Even so, the world of banking is extremely complex and it is difficult to identify new weaknesses in the system until it is put under pressure, as in the current situation of high interest rates and fluctuations in investor confidence.
Also, nervousness about the health of banks is often contagious, and if customers start to worry about their deposits, they can withdraw them in just a few seconds on their bank’s website or app.
Even without the complete collapse in confidence that characterizes financial crises, we could see regulators tighten rules even further and banks become less willing to lend money.
That could slow down the global economy at a particularly sensitive time, when rising prices are putting extra pressure on consumers’ pockets.
What will happen to my money?
At least in the United States and in Europe, citizens should not fear for their savings.
Even in the unusual scenario of a bank or building society failing, there is deposit protection.

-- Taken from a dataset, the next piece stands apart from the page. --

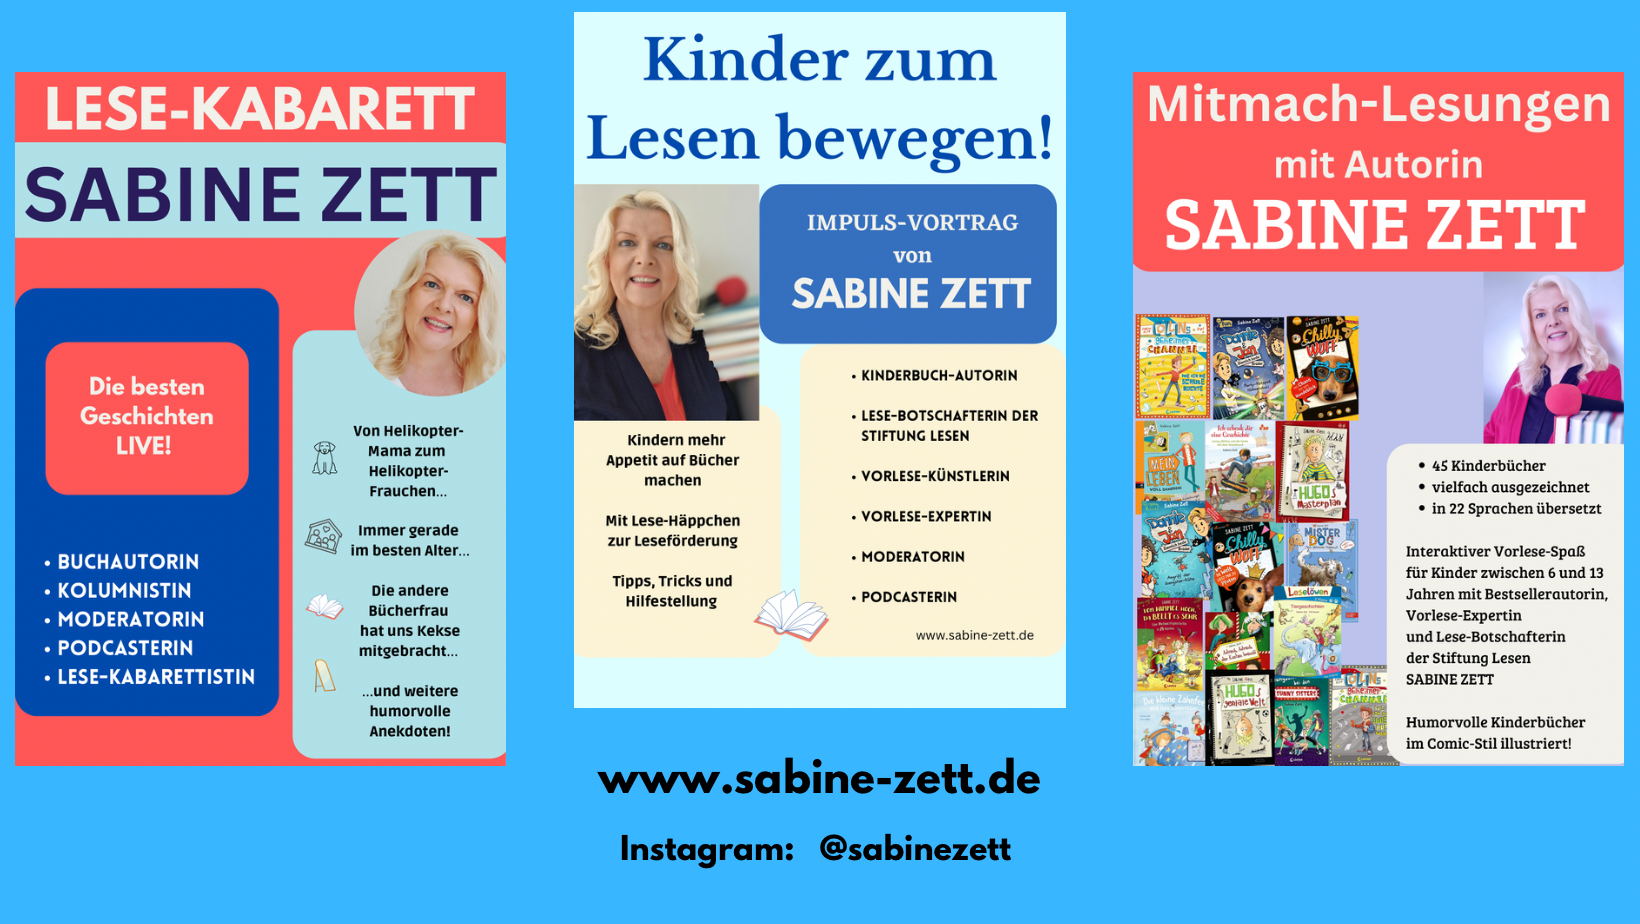 (c) Sabine-zett.de

The US government guarantees the return of all bank deposits up to US$250,000.
Asset protection in this country covers a variety of products, from checking and savings accounts to prepaid cards and certificates of deposit.
In the cases of SVB and Signature Bank, the US government went a step further and guaranteed client deposits in full, above the $250,000 limit, although this is not a guarantee that it will do so again. if another bank fails in the future.
In the European Union, deposit protection amounts to 100,000 euros (US$107,000) and in the United Kingdom 85,000 pounds (US$104,000).
On the other hand, many analysts believe that the current crisis could have other, not so negative implications.
“The consequences of market jitters could soften the impact of rising cost of living,” says Dharshini David, BBC world trade correspondent.
David mentions, in particular, the reduction in oil and gas prices that has been seen during the turbulence of the last few weeks, bringing some slight relief to consumers’ wallets.